3
votes

We have some legacy code that at one point in time long data types were refactored to int data types. During this refactor a number of printf / sprintf format statements were left incorrect as %ld instead of changed to %d. For example:

int iExample = 32;
char buf[200];

sprintf(buf, "Example: %ld", iExample);

This code is compiled on both GCC and VS2012 compilers. We use Coverity for static code analysis and code like in the example was flagged as a 'Printf arg type mismatch' with a Medium level of severity, CWE-686: Function Call With Incorrect Argument Type I can see this would be definitely a problem had the format string been that of an signed (%d) with an unsigned int type or something along these lines.
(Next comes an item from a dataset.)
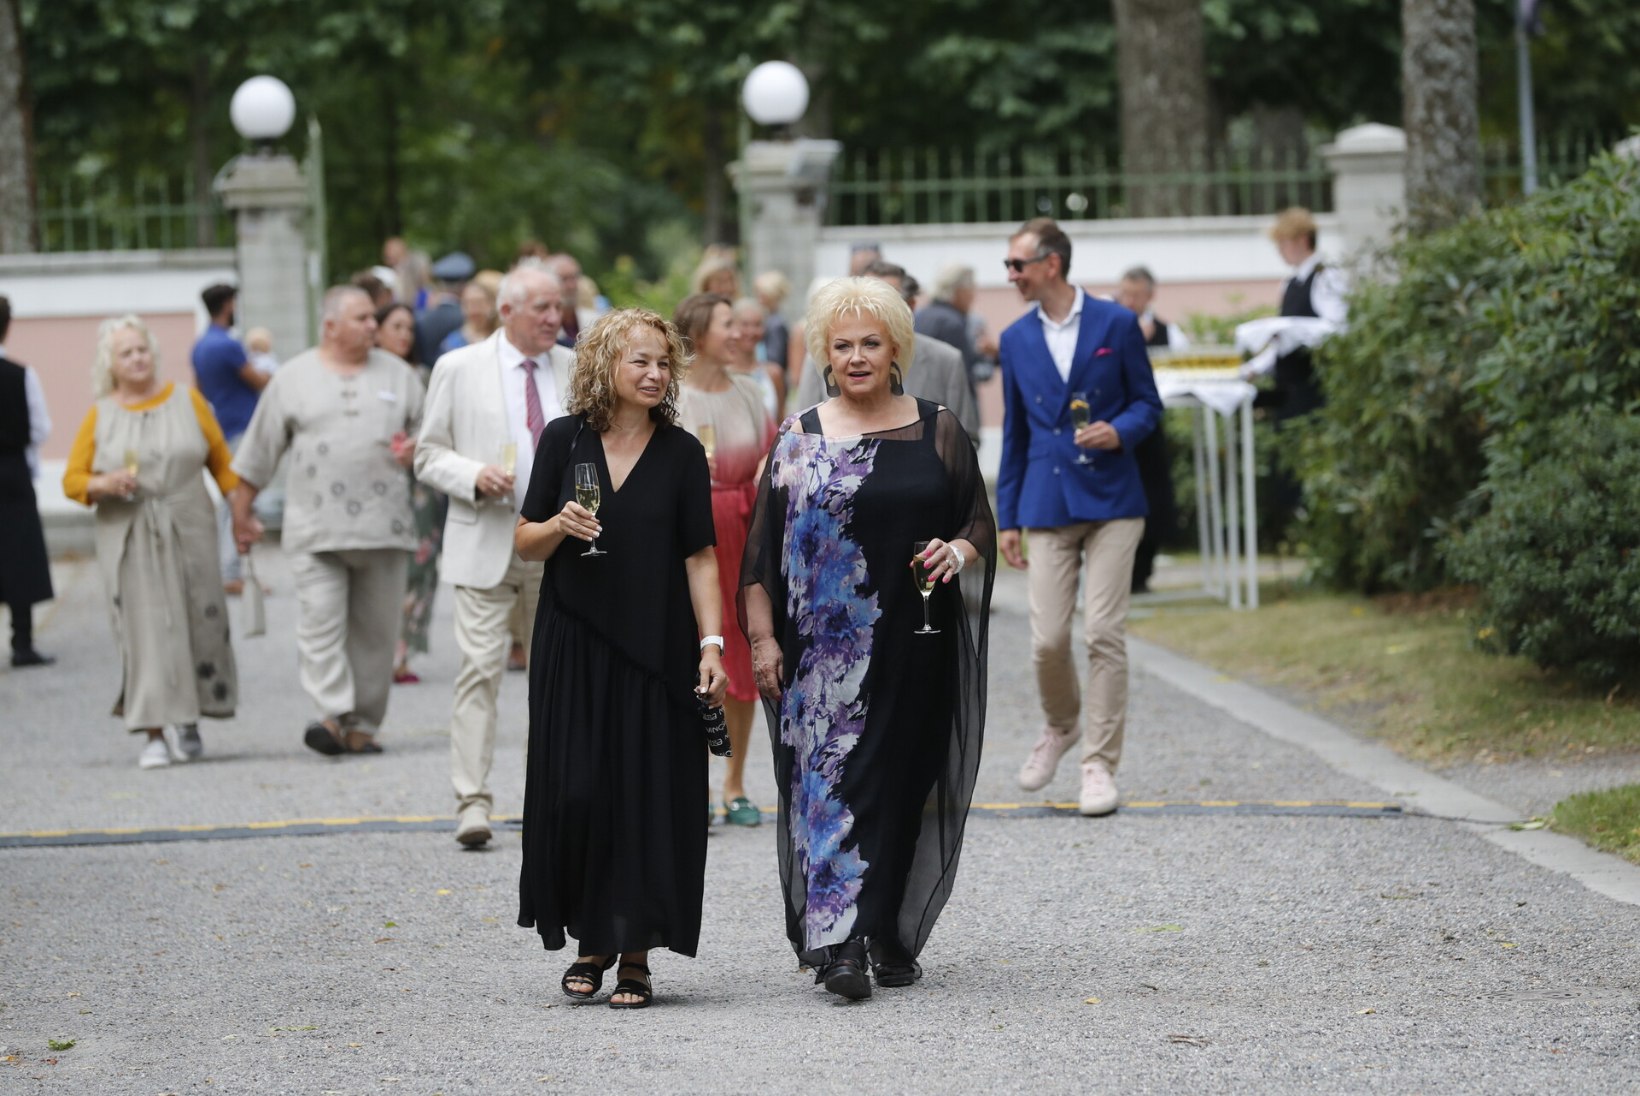 FOTOD | Vaata, kes olid kohal! President võõrustas roosiaias prominentseid külalisi

I am aware that the '_s' versions of sprintf etc are more secure, and that the above code can also be refactored to use std::stringstream etc. It is legacy code however...

I agree that the above code really should be using %d at the very least or refactored to use something like std::stringstream instead.

Out of curiosity is there any situation where the above code will generate incorrect results? As this legacy code has been around for quite some time and appears to be working fine.

UPDATED

  • Removed the usage of the word STL and just changed it to be std::stringstream.
2
It's undefined behaviour, so lots of situations. And string streams aren't part of the STL.chris
@chris agree with the undefined behavior part. But: "string streams aren't part of the STL" uh.... what are you talking about? std::stringstream is absolutely a thing. Unless you meant to argue the semantics of STL vs. Standard Library, but the author never mentioned STL so...aruisdante
In general, see related question: understanding the dangers of sprintfaruisdante
@aruisdante, Yes, it's a bit less pedantic to argue it when referring to parts of the standard library that weren't even in the STL. Anyway, the question was edited.chris
@chris thanks i removed any reference to STL. What sort of undefined behavior are we talking as this stuff appears to be working fine...kmcnamee

2 Answers

4
votes

As far as the standard is concerned, the behavior is undefined, meaning that the standard says exactly nothing about what will happen.

In practice, if int and long have the same size and representation, it will very likely "work", i.e., behave as if the correct format string has been used. (It's common for both int and long to be 32 bits on 32-bit systems).

If long is wider than int, it could still work "correctly". For example, the calling convention might be such that both types are passed in the same registers, or that both are pushed onto the stack as machine "words" of the same size.

Or it could fail in arbitrarily bad ways. If int is 32 bits and long is 64 bits, the code in printf that tries to read a long object might get a 64-bit object consisting of the 32 bits of the actual int that was passed combined with 32 bits of garbage. Or the extra 32 bits might consistently be zero, but with the 32 significant bits at the wrong end of the 64-bit object. It's also conceivable that fetching 64 bits when only 32 were passed could cause problems with other arguments; you might get the correct value for iExample, but following arguments might be fetched from the wrong stack offset.

My advice: The code should be fixed to use the correct format strings (and you have the tools to detect the problematic calls), but also do some testing (on all the C implementations you care about) to see whether it causes any visible symptoms in practice. The results of the testing should be used only to determine the priority of fixing the problems, not to decide whether to fix them or not. If the code visibly fails now, you should fix it now. If it doesn't, you can get away with waiting until later (presumably you have other things to work on).

1
votes

It's undefined and depends on the implementation. On implementations where int and long have the same size, it will likely work as expected. But just try it on any system with 32-bit int and 64-bit long, especially if your integer is not the last format argument, and you're likely to get problems where printf reads 64 bits where only 32 were provided, the rest quite possibly garbage, and possibly, depending on alignment, the following arguments also cannot get accessed correctly.